Sea Change: MoS proposes new MCA for major ports

MoS proposes new MCA for major ports

In September 2016, the Ministry of Shipping (MoS) proposed a new model concession agreement (MCA) for the port sector. This agreement aims to replace the existing MCA, which has been in place since January 2008. The revised MCA is expected to resolve some of the long-standing issues of private terminal operators at major ports. The MoS has taken into account suggestions made in various reports by the NITI Aayog (the erstwhile Planning Commission) (2010), the Indian Ports Association (2015) and the Kelkar Committee (2015) while modifying the MCA.

Salient features

The revised MCA has proposed the simplification of the exit option for the concessionaire. Under the new agreement, the concessionaire will hold 51 per cent equity in the project for the first three years after commercial operation date (COD) and 26 per cent thereafter, for next three years. Thus, the private party will be free to exit the project after six years. “It enables unlocking of capital and is a welcome step, however, there should be clarity on the type of investors who would be allowed to come in (port players, infrastructure investors, financial investors) and a clear procedure (in terms of eligibility, security and other clearances) for the same should be established,” says A. Balasubramanian, a lawyer at J. Sagar Associates.

In order to facilitate the availability of low-cost long-term funds, the revised MCA has the provision for debt refinancing. Under this, the concessionaire can issue bonds on the completion of one year of operations for refinancing its debt. This is expected to improve the financial viability of projects. However, there is no clarity on the duration of bonds to be issued. The new MCA also has the provision for a mid-term review of the concession agreement. It is recommended that the agreement be assessed by a review board under applicable laws at the end of 15 years from COD to undertake mitigation measures if required. According to Balasubramanian, “A mid-term review is a programmatic response on the part of the government to take care of uncertainties which are typical in a long-term contract.”

Meanwhile, the revised MCA has proposed the start of operations at the port even before the actual COD of the project for better utilisation of port assets. However, this will be based on specific terms and conditions with respect to the level of operations and payment to the port authority. In order to improve the utilisation rate of port assets and to raise productivity, the new MCA has specified that the concessionaire is free to deploy higher capacity equipment and facilities than those specified in the scope of work. Further, the new agreement provides the concessionaire with the option to adopt revised tariff guidelines as and when these are issued by the government. The option to adopt the new guidelines will need to be availed of within 90 days of publication in an official gazette.

The revised MCA, if implemented, will have a provision for the replacement of the approved project cost with the actual project cost with prescribed procedures for this change. At present, if the actual project cost, is higher than the estimates, the concessioning authority may increase the project cost. However, the procedure for this is not specified. Under the new agreement, the concessionaire will submit the statement of actual capital costs incurred on the project within a period of 90 days of the issue of the completion certificate. If the actual cost is more than the estimated project cost or the cost incorporated in financing plan, this increase will be referred to the independent engineer for comments on whether this increase in expenditure is reasonable. The port authority will then take a decision on approving the enhanced cost.

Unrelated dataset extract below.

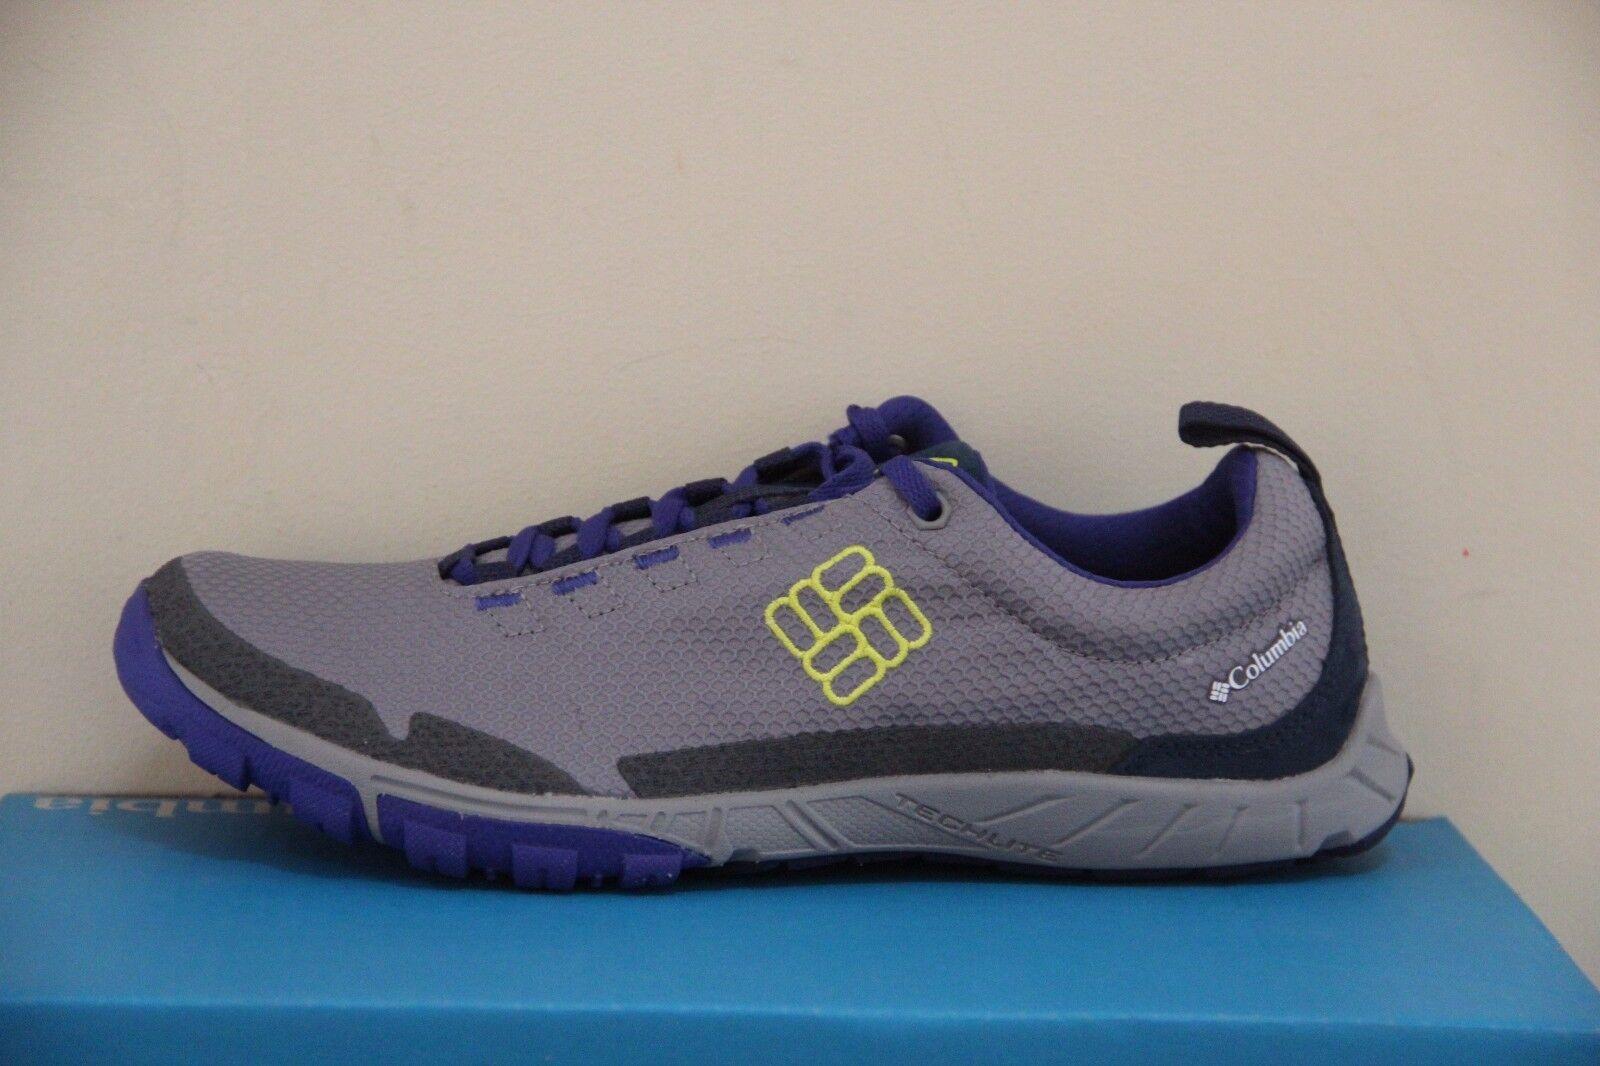 Columbia Damen Flightfoot Schuhgröße 9.5 Neu in Box

With the aim of ensuring a more balanced risk allocation, the revised MCA will have a provision for the approval of discounts on ceiling rates for the recovery of revenue share. At present, the revenue share is payable to ports based on gross revenue calculated as per tariff ceilings even if the concessionaire is giving discounts. It is proposed that the concessionaire be entitled to request port authorities to consider and approve discounts and pay the revenue share on the discounted tariff. The revenue from storage charges will also be excluded while computing gross revenue for the purpose of revenue sharing. According to Balasubramanian, “A clarification on the procedures for reckoning of discounts and apportioning of composite revenue between storage and non-storage, in consultation with the established procedures of the comptroller and auditor general would be useful for port trusts and investors as this could be contentious in the absence of standardisation.”

Finally, the revised agreement has proposed a few amendments to the definition of “change of law”. According to the existing MCA, a change in law excludes levies by the Tariff Authority for Major Ports (TAMP), environmental laws and labour laws, and increase in and imposition of taxes. Since these changes can affect the viability of a project, the proposed MCA allows for all changes in law, except the imposition of any new direct tax. This will help the concessionaire get compensation for all major changes in the law.


The government’s intention of revising the MCA for private projects at major ports is a welcome step. Going forward, the challenge will be to ensure that the policy implementation guidelines are robust, investor friendly and equitable. The timely adoption of this agreement will be a key factor in addressing the longstanding demands of private terminal operators as well as attract greater private participation in the sector.